Increasing the slope causes shear stress to increase

Reducing friction causes shear stress to increase

Adding weight to the mass causes shear stress to increase

Examples of slides:

Frank Slide Alberta Canada – covered the town of Frank, Canada – 70 dead

Gros Ventre Slide Wyoming:

Slide began in 1920,  massive failure occurred in 1925.

Slide mass blocked river creating a natural reservoir.  Over next two years reservoir filled finally overtopping the dam in the winter of 1926-1927 as a result of heavy snow and rain.  River rapidly cut down through the slide material releasing a wall of water that inundated Kelly, Wyoming, killing 5 of 65 inhabitants.

Water contributes to slides in several ways:

Adds weight
Reduces cohesion if saturated or if completely dry (if intermediate moisture content then cohesion is generally increased).
Acts as a lubricant
Facilitates frost wedging
Causes expansion and contraction of certain clay minerals
Liquefaction

Vegetation
Provides cover
Binds soil
Adds weight

 

Vaiont Dam (Italy) 1963

Geology of site: Limestone interbedded with shale with bedding sloping in toward river.  Limestone was karstic (caverns and fractures).

Previous evidence of large slides in area.

Thin arch dam constructed, reservoir filled began to observe creep rate gradually increase over a 3 year period from 1 to 30 cm/week to about 25 cm/day.  On the day before the slide the creep rate increased to 100 cm/day.  Massive slide filled reservoir, displacing water both upstream and downstream. The dam held but the wall of water went over the top and flooded the town of Vaiont (2,600 dead).  Air blast from the slide mass blew windows out and lifted roofs from homes on far side of reservoir.

Yungay, Peru – 1962 – debris flow with no apparent trigger kills 4,000 in town of Ranrahirica.

In 1970 in same area an earthquake triggers a slide that moves down the slope at about 300 km/hr.  The upper part of the slide is a vertical fall.  The mass then runs up and over a large glacial hill launching megaton boulders – smashing homes.  Town of Yungay was buried 30 meters deep.

Gansu Province, China – 1920

Loess Flow (dry flow of silt) – earthquake triggered this event. Historic accounts indicate the mass flowed like water with eddies and whirlpools.  Anecdotal story of survivors whose farm rafted from one hill across the valley and up the adjacent hill coming to rest with only minimal disturbance to their house and orchard.  The story goes that they began farming at their new location.

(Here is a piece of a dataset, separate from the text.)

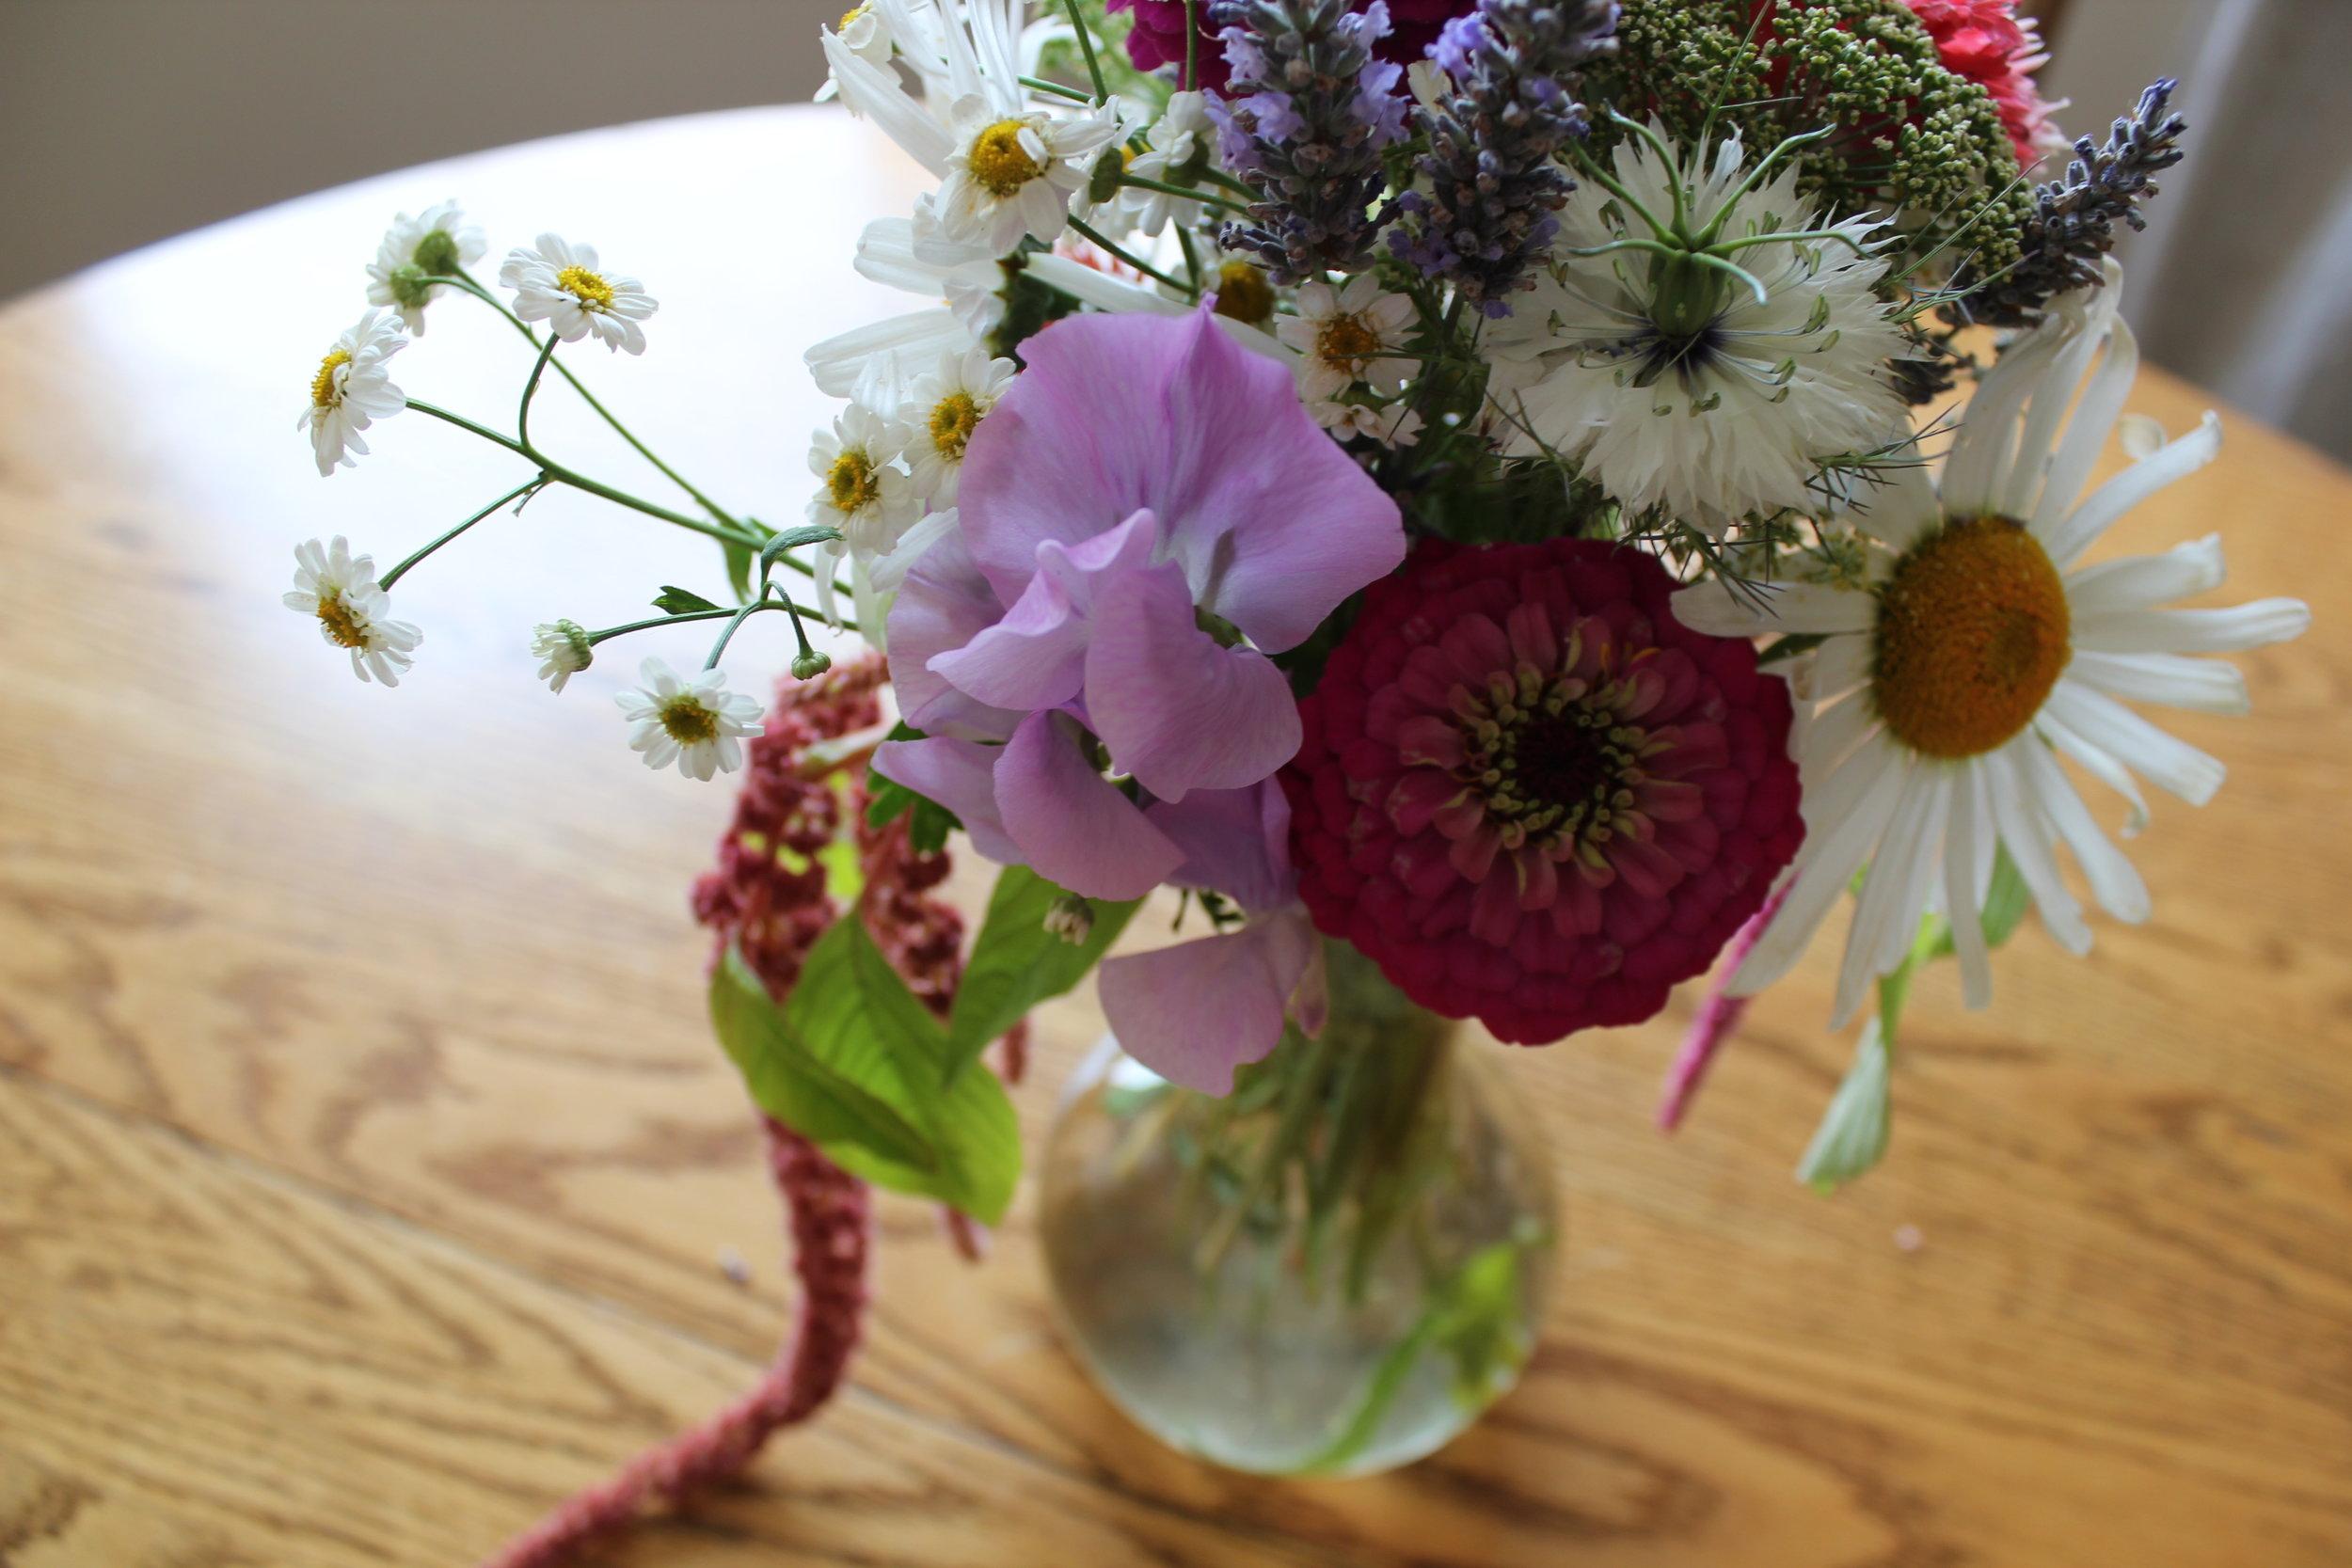 fresh flowers for plum nelli apartment rental.JPG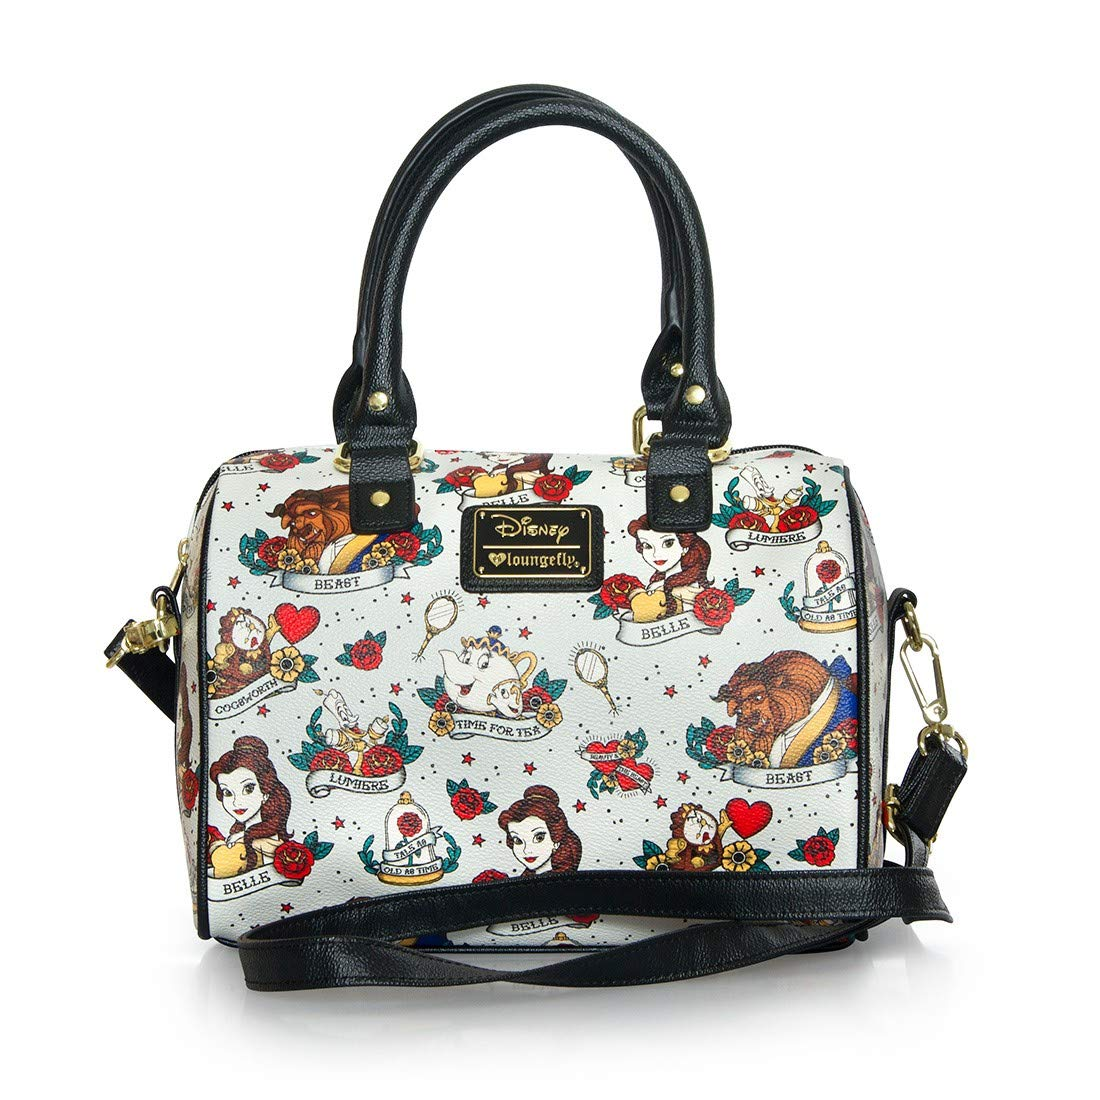 Beauty and the Beast Belle Tattoo Hangbag Bag  Amazon.ca  Shoes   Handbags 31621a283058e

Methods to stabilize Slopes

Retaining walls – only function with proper drainage.

Pinning

Reduce gradient – add benches

Subsidence and Catastrophic collapse

Subsidence – sinking or depression of the surface

Collapse – material collapses into near surface void.

Subsidence is related to compression of fine grained material through dewatering often resulting form extraction of fluids through aquifer depletion and oil and gas production.

Examples:

Mexico City – 8.5 meters
Tucson, Arizona – subsidence resulted in large Earth fissures.
San Joaquin Valley, California – meters
Las Vegas, Nevada – 1.5 meters
Houston area – 1 to 3 meters (results from both aquifer depletion and oil production).

Other causes of subsidence include drainage of swamps and subsequent decay of organic matt as occurred in the Florida, Everglades.

Collapse:

Example shown was Winter Park sink in Florida 1981 – Limestone sink resulting from loss of roof support due to depletion of the aquifer as a result of heavy use for municipal water needs.

Example 2: Salt Solution mining near Hutchinson, Kansas resulted in 1975 collapse creating a surface crater about 700 feet diameter and 80-100 feet deep.